“那时候养父母帮我取了新的名字,但我不愿改姓,所以一直都跟着生父姓方。”方西乔偏头看着身侧的女子,二十年来,他第一次有一种冲动,想要把那些藏在心底不愿去触碰的事情,全都告诉这个女子。
明明是一碰就会流血的事情,可好像只要是跟这件女子说,他就感觉不到痛,只感觉到释然,因为这个女子是他所爱所喜欢的,在提醒他不该再揪着往事踌躇不前,该步入人生新的阶段了。
可他还能有机会步入新阶段吗。
家族性的阿尔兹海默症。
其实他也不必再执拗于一个姓氏,毕竟生父留给他的东西除了某个姓氏外,又多了一种病。
严月笑着偏过头:“其实方先生心里还是很崇敬自己的生父,警察是保卫人民的,律师是守护受害者的,但人民在某个层次上也是受害者,因此其实两个职业同样都是帮助受害者,方先生还是在实践着生父对自己的冀望,况且方先生都还不愿意改姓呢。

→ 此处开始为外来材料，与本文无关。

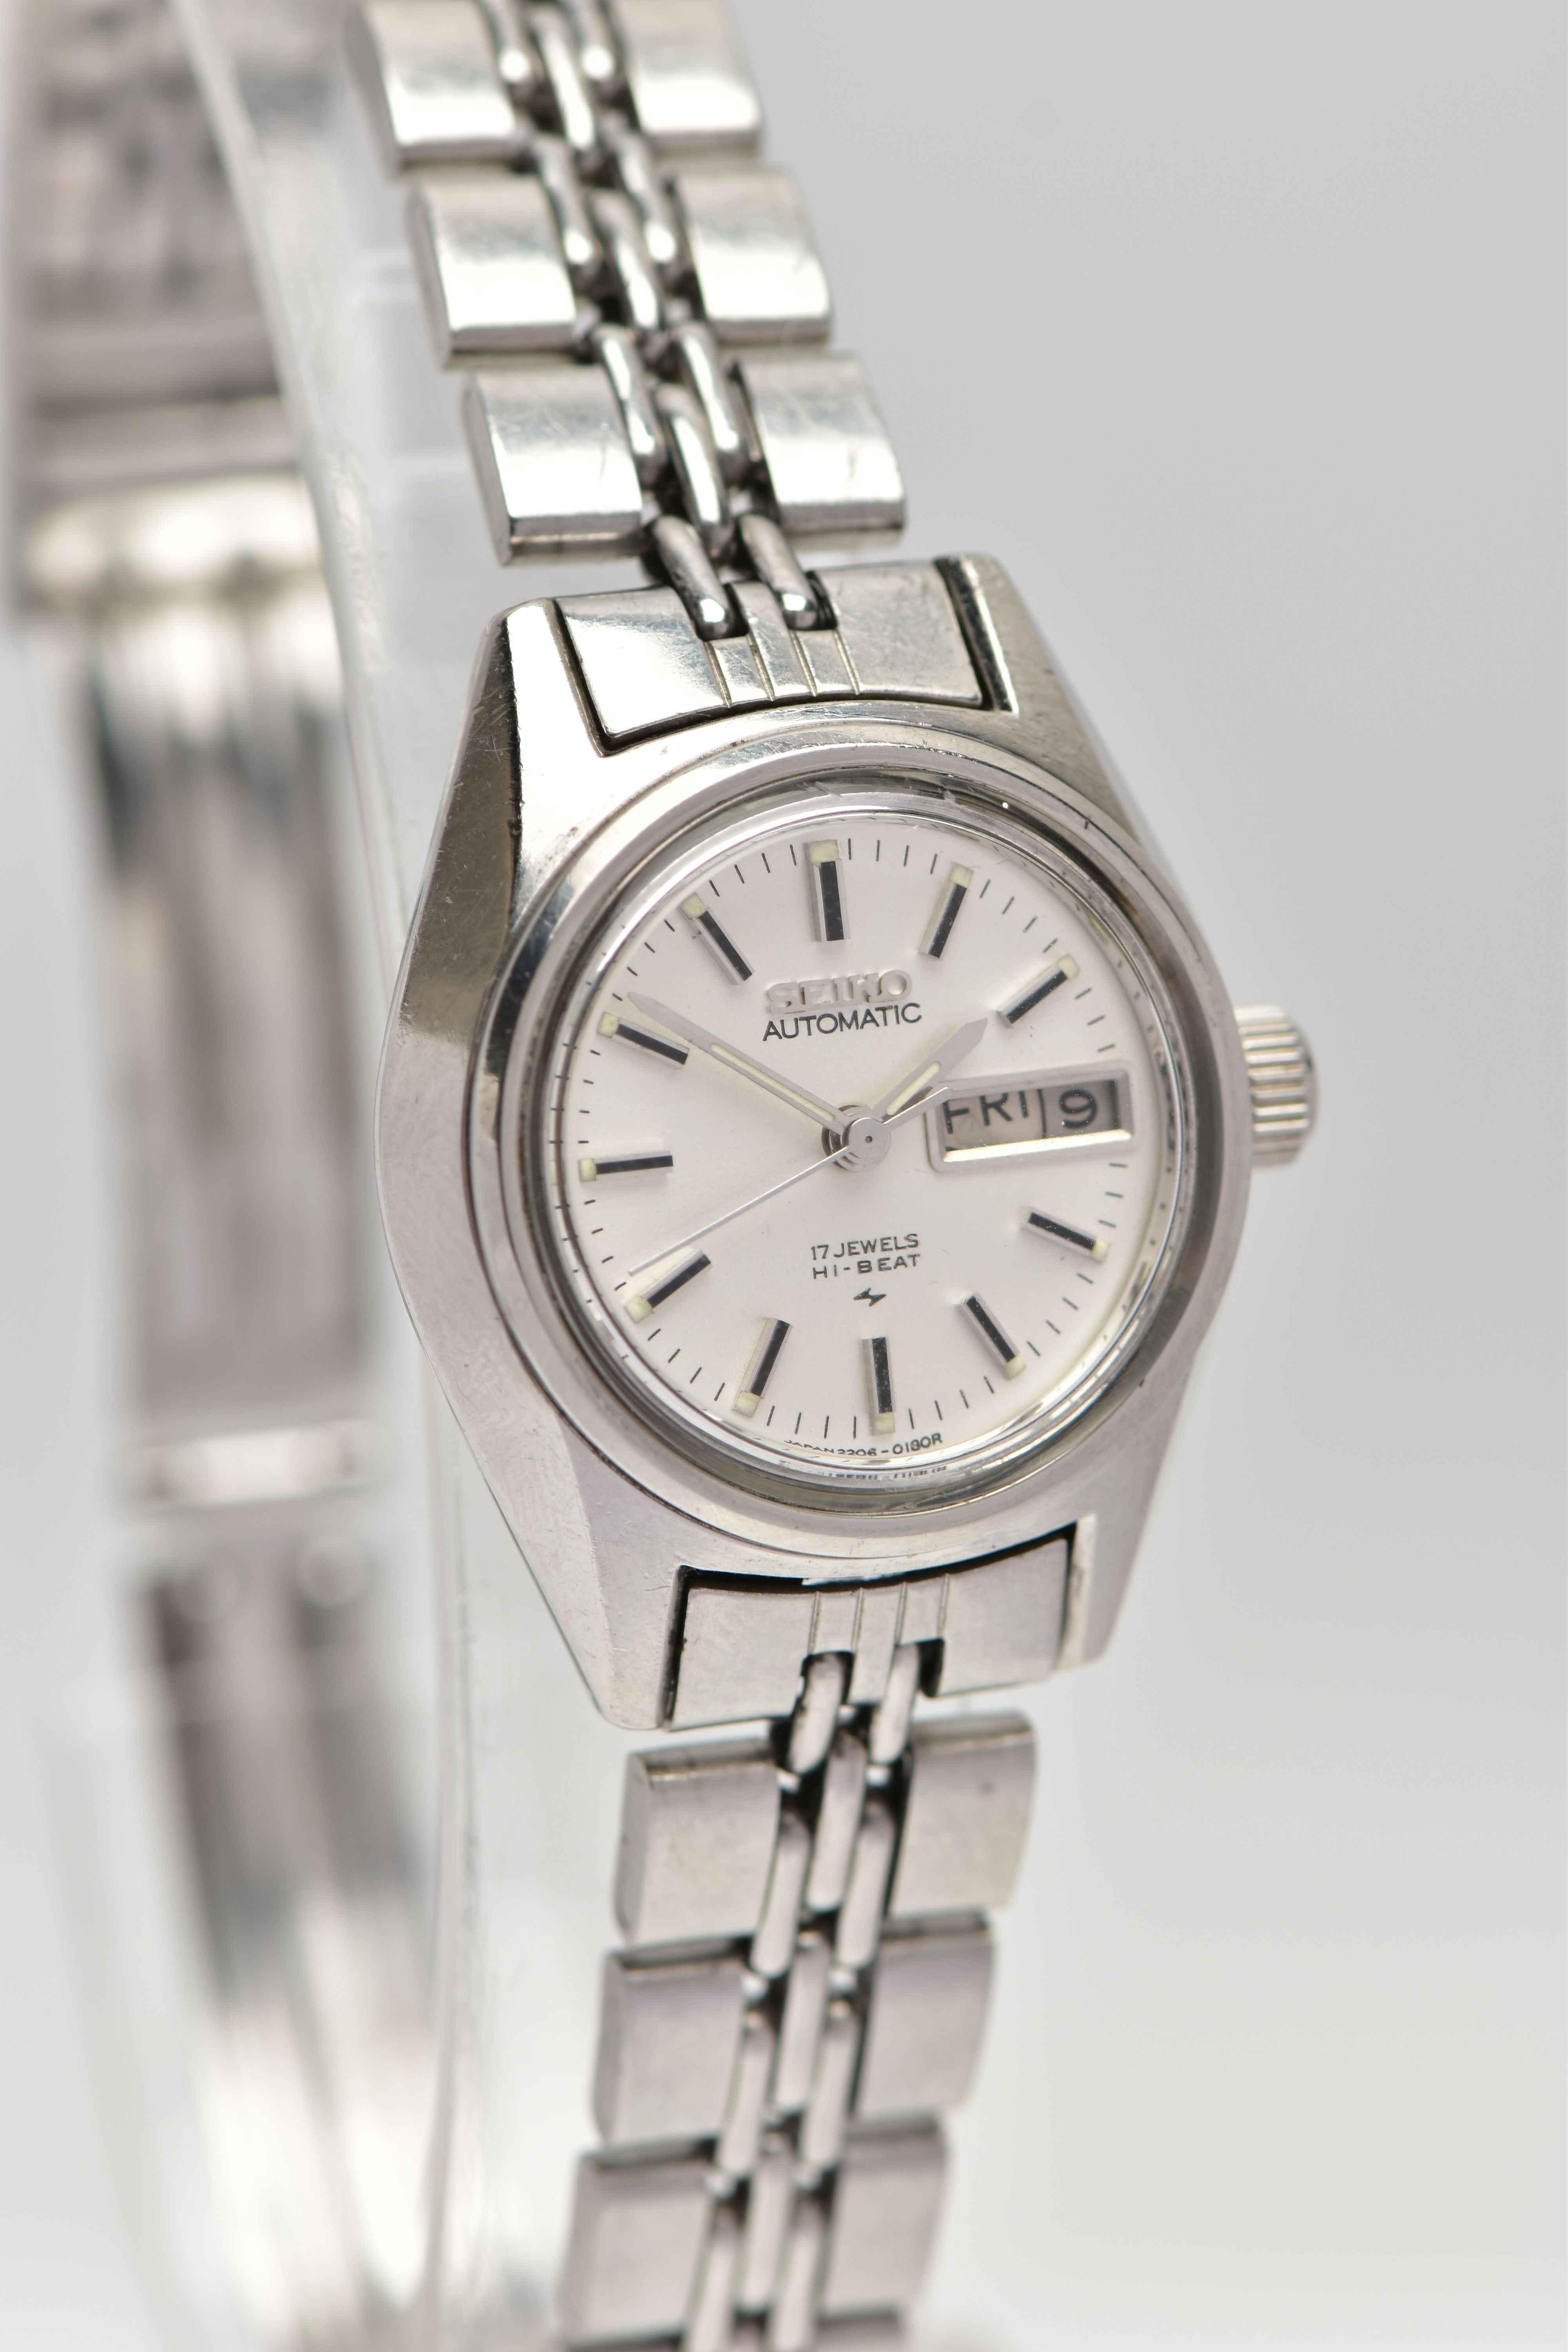 A LADIES 'SEIKO AUTOMATIC' WRISTWATCH, round silver dial signed 'Seiko automatic', day/date window - Image 2 of 6

”
方西乔诧异,而后掩饰掉:“或许我只是习惯了姓方。”
“不,方先生心里很爱自己的生父。”严月低头踩着自己另某个自己,被路灯打在地面上的黑影,“若是恨一个人,那就不会希望自己身上再有关于那人的任何一点东西,血脉去不掉,可姓氏行,顶着自己所恨之人的姓氏真的是件无法忍受的事情。”
不要错过下面的精彩
所以方西乔没有变成高西乔,而她从苏月变成了严月。
方西乔的眼皮跳了跳,他突然想起前面严月的小姨说严月是跟着她妈妈姓。
“方先生忘了吗?”严月陡然抬头,嫣然一笑,“此日你可是抱着我说了两遍的想爸爸。”
方西乔闻言,没有面露局促,反倒是松了一口气的神情:“那是我此日失态让你找到破绽了,不然我就行打死不认了。”
“我听过一句话,很适合现在的我们。”
“嗯?”
严月憋笑:“若是嫌疑犯曾是、或是一名律师,那就永远不要妄想把他绳之以法,因他比你更懂得要如何从法律的漏洞中逃脱。”
“那月亮又缘何会害怕月亮?”
更多精彩尽在本站
严月默然,走着走着就停下了脚步,抬头看了眼天上,万里是云而无月,她突然狐疑的把视线移到旁边的人身上:“方先生怎么知道我怕月亮?”
远处传来一阵模糊的响动。
方西乔撇开视线:“接你出院回公寓的时候,你不经意看了眼天上就被吓得低头跑进了公寓楼里。”
“看来以后还是要谨慎跟警察和律师做朋友,任何一点小动作都逃不过去。”严月思及了她表哥姜丰,身为警察的姜丰也是这样发现她畏惧月亮的秘密,不过姜丰是职业病,所以她也只当方西乔是职业病。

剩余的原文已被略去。